The thief waved his hand. “Pah! What treasure? It’s all random, anyway. Who can say for sure there will be treasure? I’ll tell you where the treasure is – it’s in the purses of those merchants who travel up and down the safe highways, in the chests in the tax collectors’ offices in the city square, in the fat bags of the innkeepers who… er, well, you know.” He coughed to avoid the sharp glance of the innkeeper, just within earshot.

There was a malty silence as they all digested the thief’s words.

“But what about the glory?” said Harden suddenly. He wasn’t sure what had made him say that – drink, probably.

Lenzo laughed raucously. “Glory! My muscle-bound friend, there is no greater glory than to be alive to tell your employer to kiss your sweaty arse, and that of the horse you rode back on.”

The Third Choice. Harden had scoffed at Lenzo for that. What was the Quest if not a journey, an experience, a chance to hone one’s skills and see the world?

Gods, just a few short weeks ago, and he had been such a boy. If he had known… well, he wouldn’t be here now, that was for certain.

Harden regarded the doors before him, their shadows stretching over him in the dusty and increasingly purple light of the desert. The sun was starting its lazy descent towards the horizon.

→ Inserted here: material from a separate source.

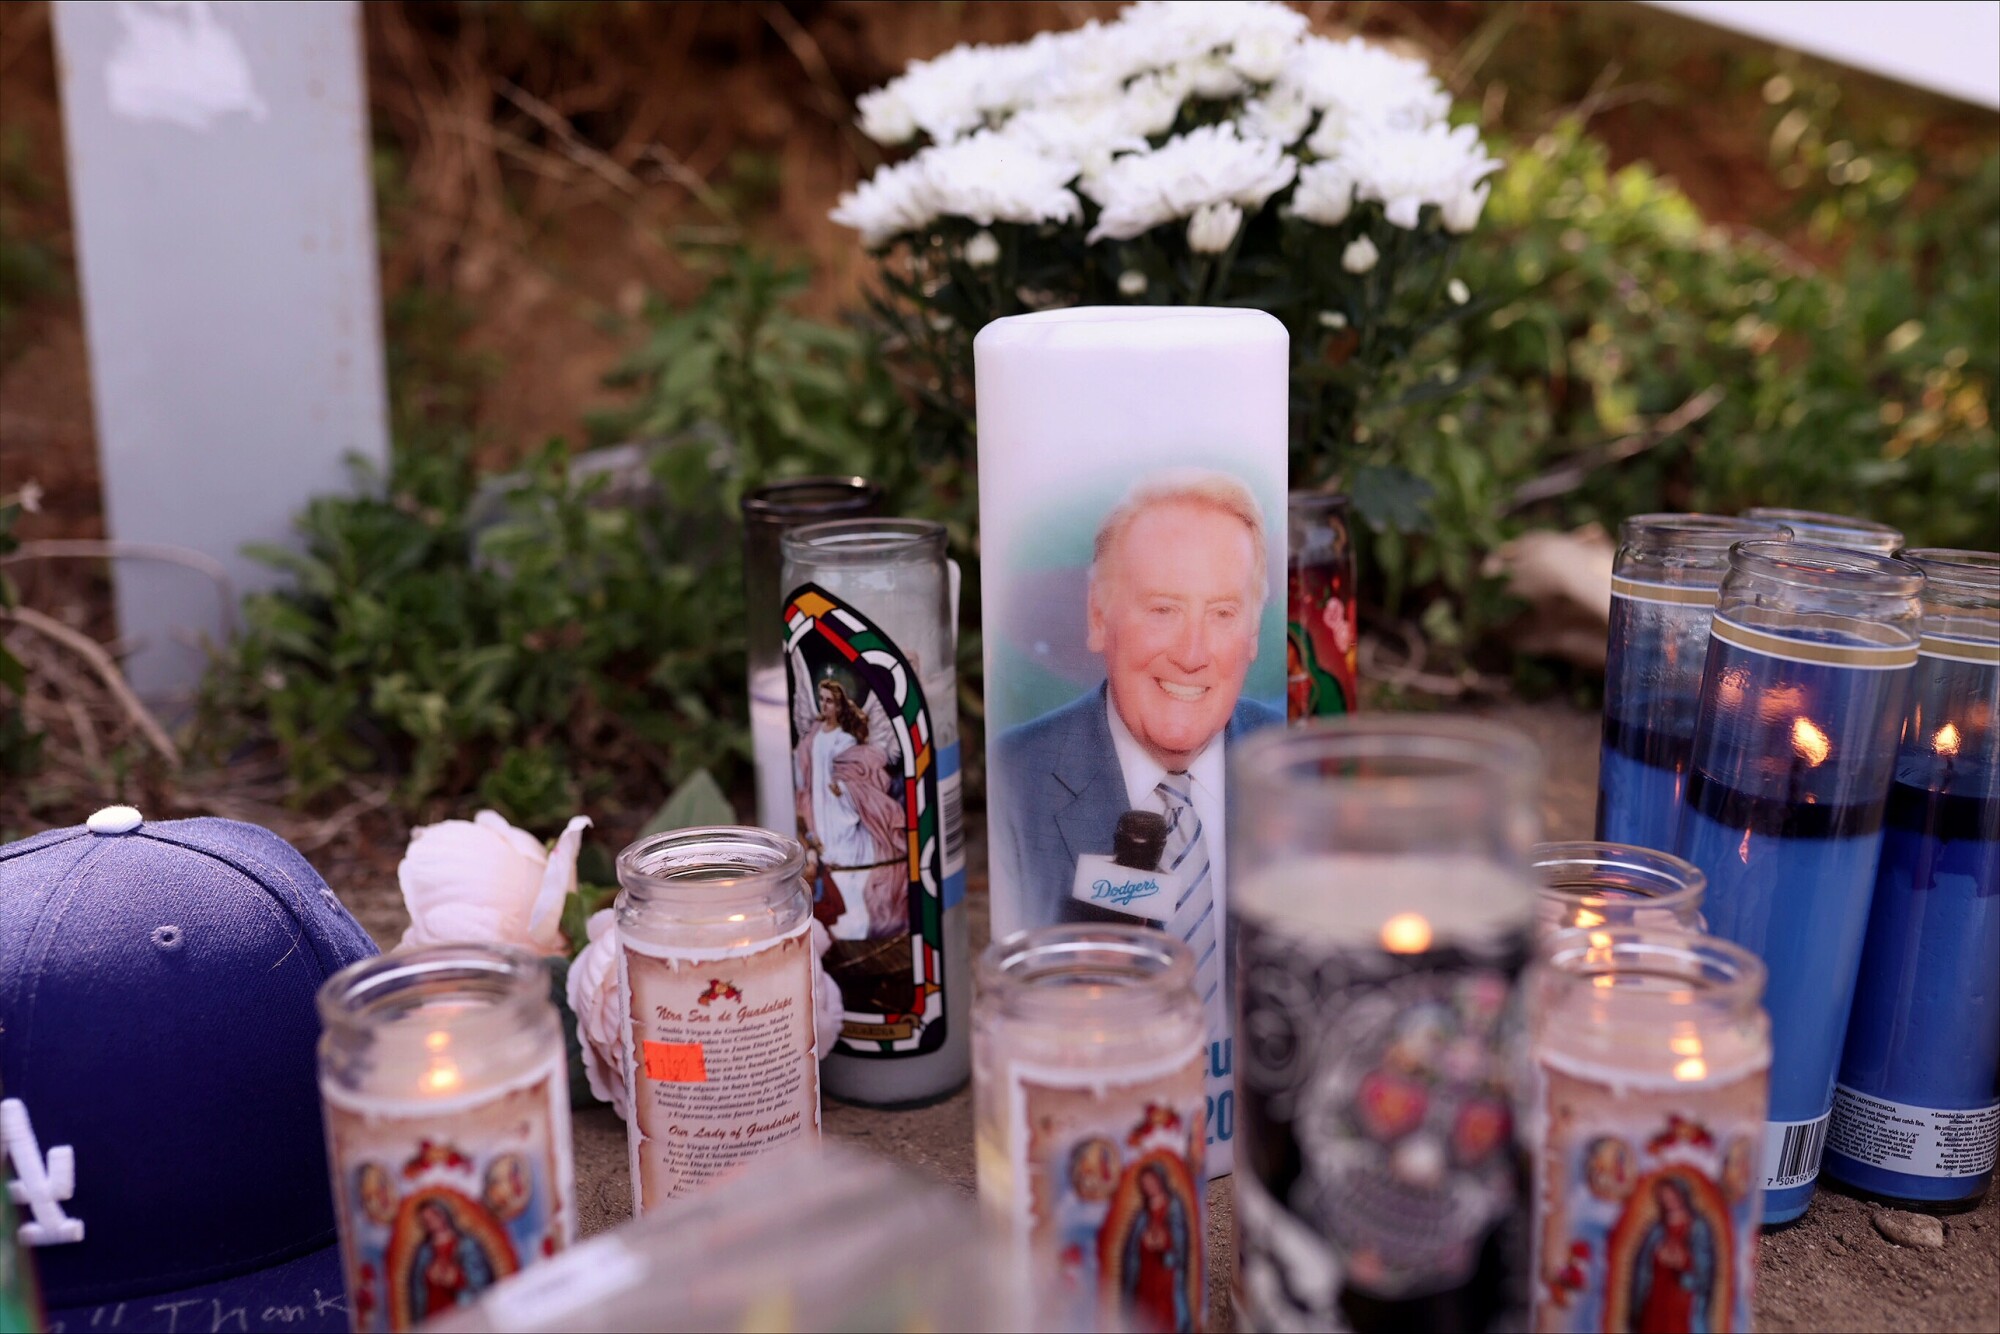 Candles are lit at a growing monument outside Dodger Stadium to legendary Los Angeles Dodgers broadcaster Vin Scully.

A locust fluttered erratically across the sand and settled on his left pauldron, where it rocked back and forth a few times, regarding him with large, fractal eyes and twitchy mandibles. He stared back at it. It defecated on him unceremoniously, then jumped back into the breeze, disappearing over the dunes in a flurry of glassy wings.

“Bugger this for a lark,” Harden muttered, and made the Fourth Choice.

Home was far away, but every step took him closer to Cass, closer to the baby, closer to rainy evenings by the fire, mornings on the farm, closer to the smell of fresh hay and the sound of scythes swishing again and again across the fields… and further away from the desert and its infernal doors, and thus every step became just a tiny, tiny bit lighter.

He passed through the White Crane, where Curolo was minus his trousers in the kitchen and so addled with ruby ale that he didn’t recognize his own hand in front of his face. Harden relieved him of his dusty alchemical supplies, selling them for better boots in the nearby village, though he did leave behind the packets of medicinal salve that he assumed the dwarf would be needing.

 He passed the spot in the woods where they had buried Lenzo, and found the shallow grave no longer occupied. After the initial panic, he reasoned that scavengers were most likely to blame, but jogged out of the woods at a healthy pace just in case, listening hard for anything vaguely wolfish, leaving behind him at the grave seven gold coins: six to settle a debt, and one to help pay the ferryman, the way his Gran had taught him.

He went to the Guild in the capital, where he saw Cat-Bum arguing with another mage about something arcane and no doubt beyond the ken of mortal man while trying to surreptitiously hike up her flimsy jeweled bra. She did not deign to notice him. He marched up the stairs to his contract manager, and asked politely but firmly for an address. He made his way across town to a small, dark house, beat on the door until it cracked open, and thrust the map and directions at the slice of pale, underdone face that appeared, followed by some advice to get a dog, a girlfriend, and a different hobby, preferably one out in the fresh air.

Harden then went home, hung his sword and shield on the wall, and held his wife and daughter for a long time. That’s where his story really begins, he would always tell people, and it was true – Harden had many adventures over his many long years, exactly none of them involving mysterious doors in the desert.  

Because that’s the thing about life: the choices are all around you. You make them, they make you, round and round, passing through door after door… and in the end, may we all be so fortunate as to make the Fourth Choice, and arrive back home in good time, with good boots on our feet and good tales in our mouths, and hang our swords and shields on the wall to gather dust.